Similar to human-specific insurance, not all pet insurance plans are the same. Some plans will cover the total cost of surgery, and others will only cover vet visits. Regardless, most plans will expect you to pay out of pocket before receiving reimbursement.
Before buying an insurance plan, research if they have the following money-saving inclusions or expensive exclusions.
What Does Pet Insurance Cover?
Pet insurance will typically cover medical costs for your cat or dog if they become unexpectedly sick or are in an accident.
Most pet insurance is specifically made for dogs and cats, but some companies will offer “exotic pet insurance,” which typically covers birds, rodents, and reptiles.
With that said, there are many things that won’t be included. To ensure you’re investing in the best pet insurance, make sure it covers routine care.
Unfortunately, you’re unlikely to find an insurance company that will cover pre-existing health conditions, so purchase pet insurance as soon as you adopt your furry friend. Otherwise, you may not be able to afford their treatment.

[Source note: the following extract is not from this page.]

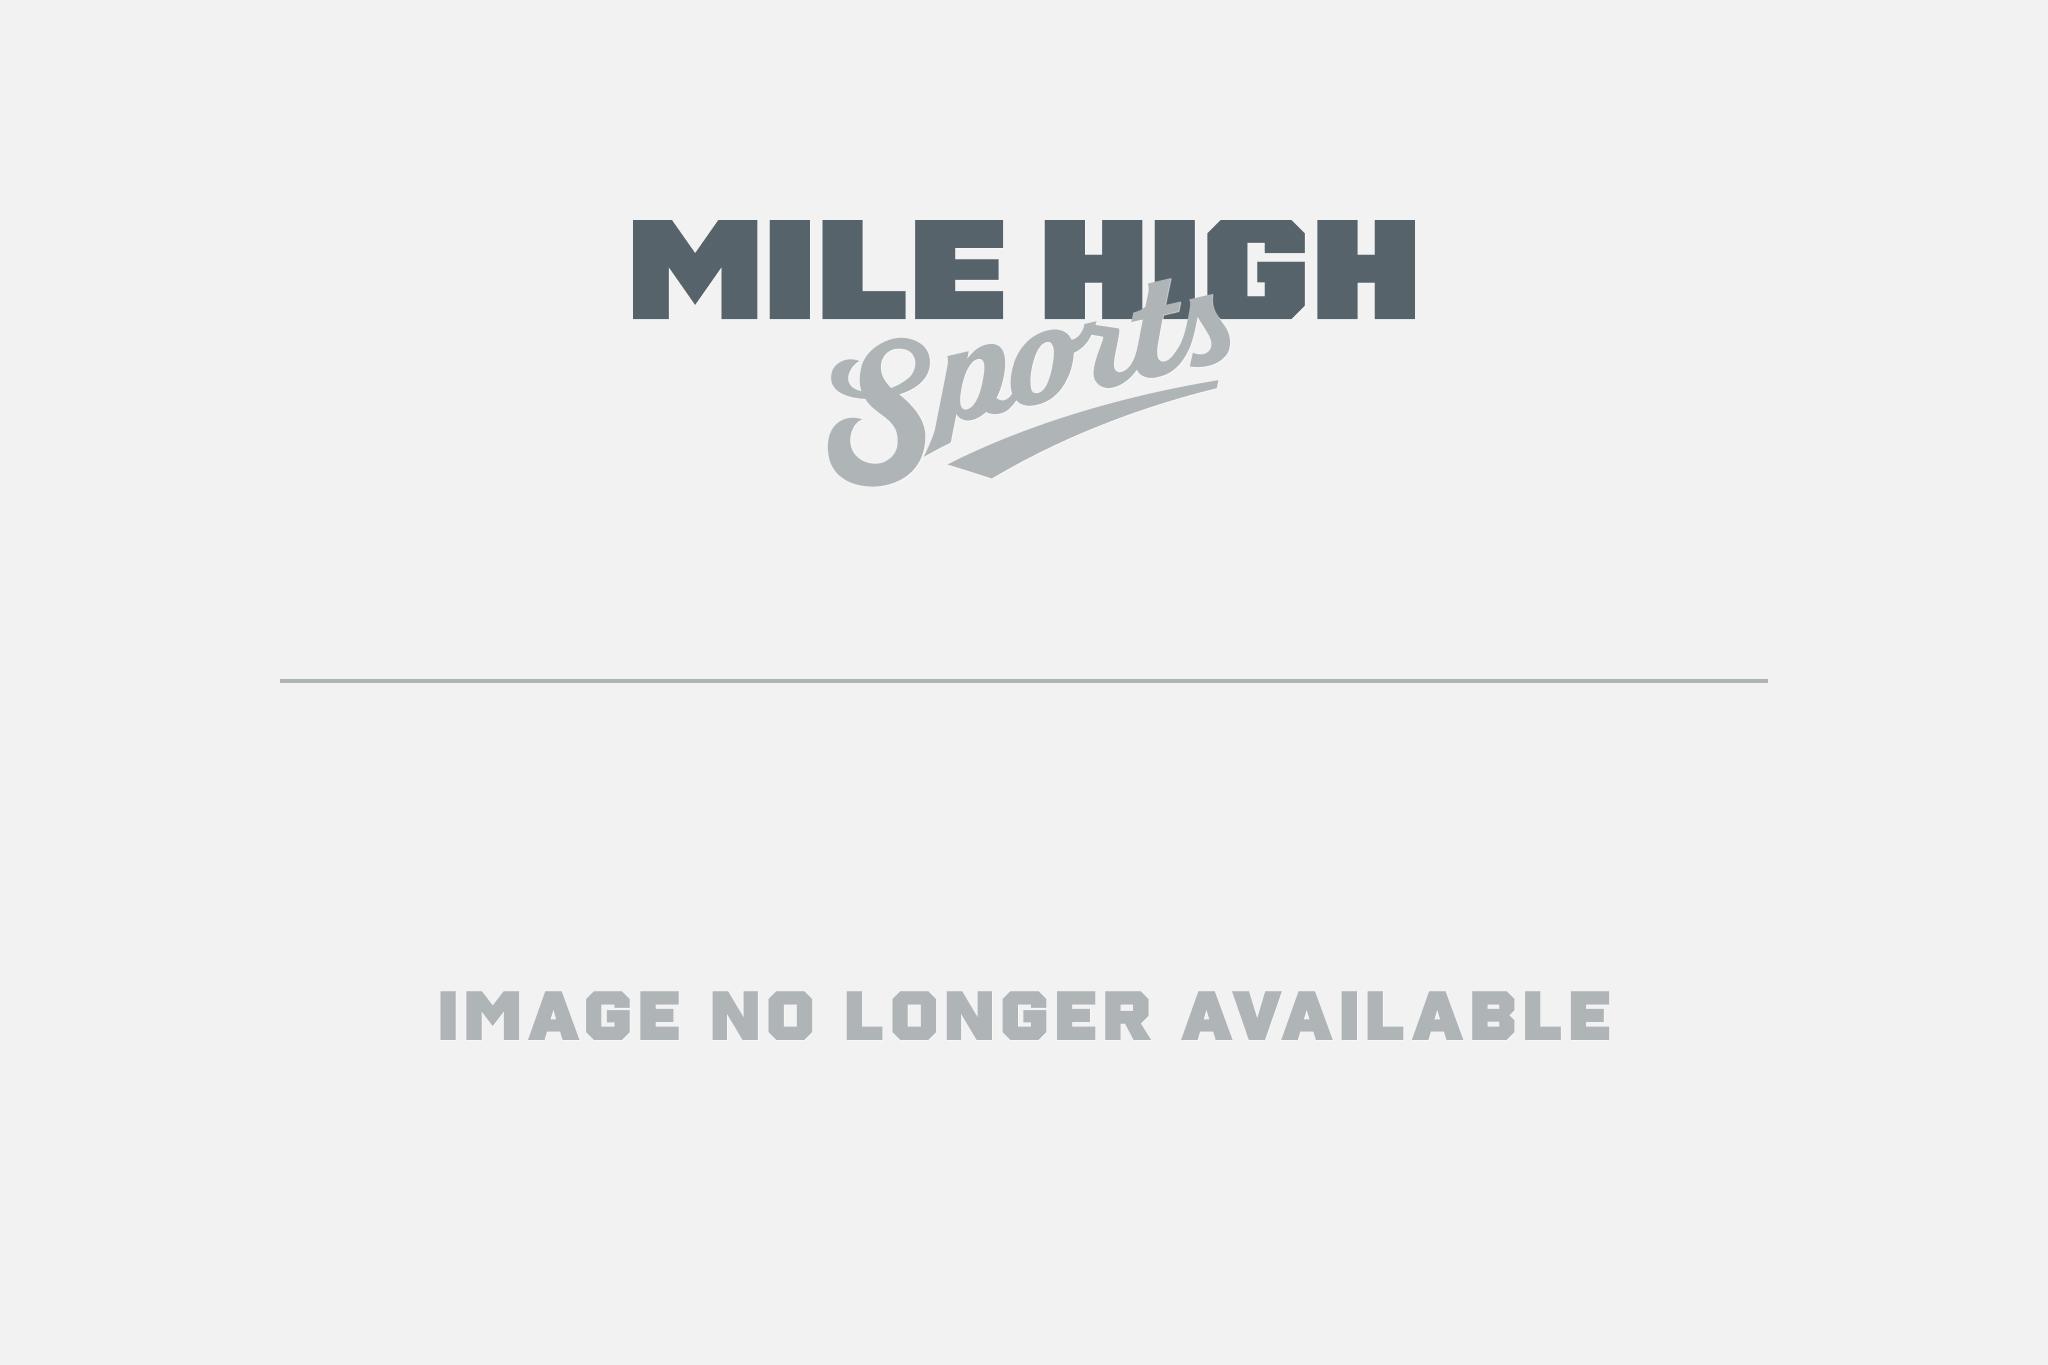 chsaa_logo cropped

Does Pet Insurance Use a Tiered System?
Yes, most pet insurance companies use a tiered system. Unfortunately, there is no classification or standard tier structure offered across all pet insurance companies. Therefore, no “basic” or “premium” coverage provides the exact same inclusions.
Always research each company individually before buying into coverage that may not provide your pet what they need.
Common Insurance Plans and Inclusions
Most insurance plans will tier their plan structure similar to the following:
- Accident-Only: Covers injuries or accidents, like ingesting foreign objects, poisons, or if your pet has experienced a ligament tear or other injury from being hit by a car.
- Accident + Illness: Covers everything in the accident-only plan and adds illnesses like cancer, allergies, digestive issues, or infections to the inclusions list.
- Embedded Wellness: Covers accidents, illnesses and may cover heartworm prevention, dietary consultation, vaccinations, cremation and burial, dental care, and flea and tick medication. These plans are typically the most comprehensive and expensive.
- Add-Ons: Some plans may offer additional add-ons to other plans. These add-ons are usually for illnesses like cancer. Some insurers will only offer illness plans as an add-on. Pet plans may also cover test/diagnostics, surgery, and emergency exam fees.
In general, most pet insurance plans will cover expenses in the above categories as long as they aren’t related to a pre-existing medical condition. However, if your pet is deemed healthy after their first medical exam and then they develop a condition, they may still be covered.
Common Insurance Plan Exclusions
Although insurance companies are in the business of helping your pet, they are also not interested in losing money. Like human insurance, pet insurance companies won’t cover your animal’s pre-existing health condition, excluding the following scenario.
Say a 6-month old puppy starts to develop respiratory problems after their initial medical examination. You find that they have manageable asthma through medication, but you applied for pet insurance that covered medication beforehand. Although your puppy will have asthma for the rest of their life, they will still be covered for their asthma.
However, if your puppy belongs to a breed known for having asthma, you may not be so lucky. You’d be completely out of luck if you bought insurance after they were diagnosed.
In the end, buying insurance won’t benefit your pet or wallet if you’re looking to cover pets that are older or have pre-existing health conditions. However, you may still be covered for:
- Chiropractic Medicine
- Behavioral Modification
- Lost Pet Advertising
- Alternative Therapies
Keep in mind that a pet insurance company will cover curable conditions after a certain waiting period with no returning symptoms. Pre-existing conditions also won’t prevent your pet from receiving any insurance. Their insurance will just exclude all conditions that already exist.